KUALA LUMPUR: Mandatory purchases of sustainable aviation fuel (SAF) by local airlines at Malaysian airports are necessary to drive adoption and unlock the country’s potential in the SAF sector, said Gamalux Oils Sdn Bhd chief executive officer Usman Ahmed.

Usman said Malaysia has the industrial capacity and feedstock availability to support SAF production at scale, but policy intervention is needed to create demand certainty.

“We have all the feedstocks such as used cooking oil, palm oil mill effluent, empty fruit bunch oil and spent bleaching earth oil.

“In my humble opinion, what Malaysia needs is a regulatory policy framework that enables SAF blending and mandates purchase by national airlines at all airports in the country,” he told Bernama after appearing on Bernama TV’s The Nation programme titled “The Future of Sustainable Aviation Fuel”.

SAF is a low-carbon alternative to conventional jet fuel, produced from sustainable feedstocks, including used cooking oil and agricultural waste.

Responding to concerns about the scalability of used cooking oil as a SAF feedstock, Usman affirmed its viability in substantial volumes.
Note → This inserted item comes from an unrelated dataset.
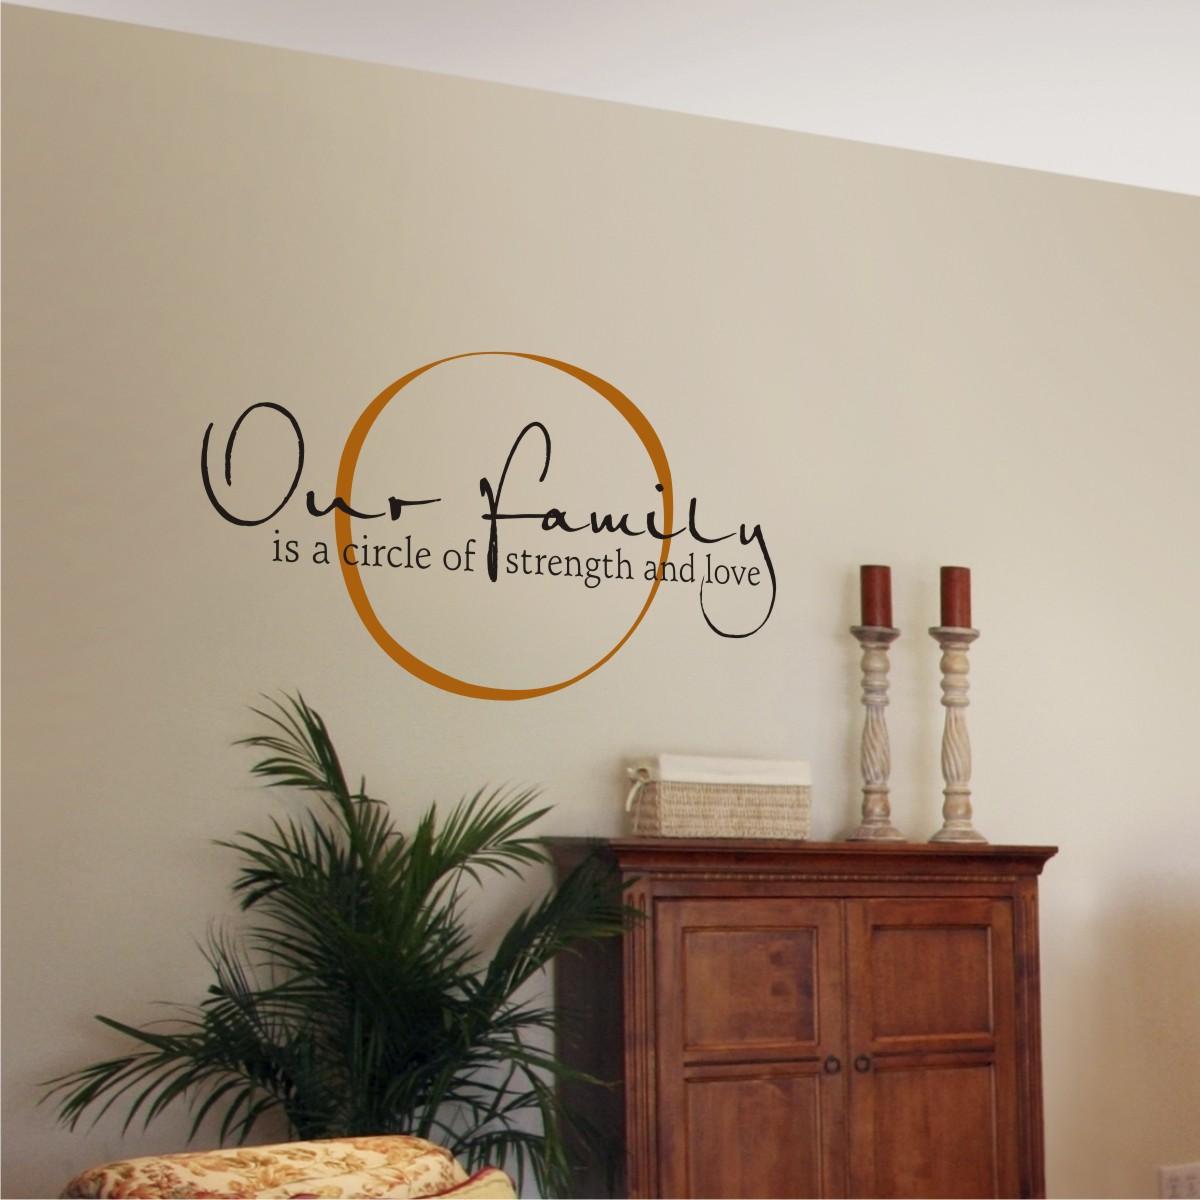 vinyl wall quotes quotesgram. Black Bedroom Furniture Sets. Home Design Ideas

“According to export data from the Malaysian Palm Oil Board, Malaysia exports approximately 600,000 tonnes of used cooking oil annually, a substantial volume that makes it a viable feedstock for any SAF production facility,” he said.

While Malaysia does not currently have SAF production plants, Usman pointed out that pre-treatment and refining facilities are already in place.

“We export our products to companies such as BP, Eni of Italy, Neste of Finland, as well as other European and Asian firms, which convert them into tailor-made SAF.

Regarding the SAF industry’s value, Usman estimated that Malaysia exports around 1.5 million tonnes of SAF-grade or hydrotreated vegetable oil (HVO) feedstock annually.

“Based on current prices of around US$1,100 (US$1 = RM4.22) per tonne, we’re looking at US$15 to US$18 billion worth of commodity products exported annually,” he said.

Usman noted that while SAF is more expensive than conventional jet fuel, the cost impact on passengers would be modest if SAF blending is mandated.

“At the end of the day, the cost is borne by the passenger, possibly with some government subsidy, but we must recognise that this is for the greater good, as it supports the decarbonisation of aviation and the reduction of greenhouse gas emissions,” he explained.

Usman added that global geopolitical tensions and commodity price volatility continue to affect the SAF price gap, making regulatory certainty even more vital.

He said Malaysia is on the right track with the government’s National Energy Transition Roadmap and its 2050 net-zero emissions target already in place, adding that a regulatory policy framework to support SAF blending would further strengthen the country’s progress.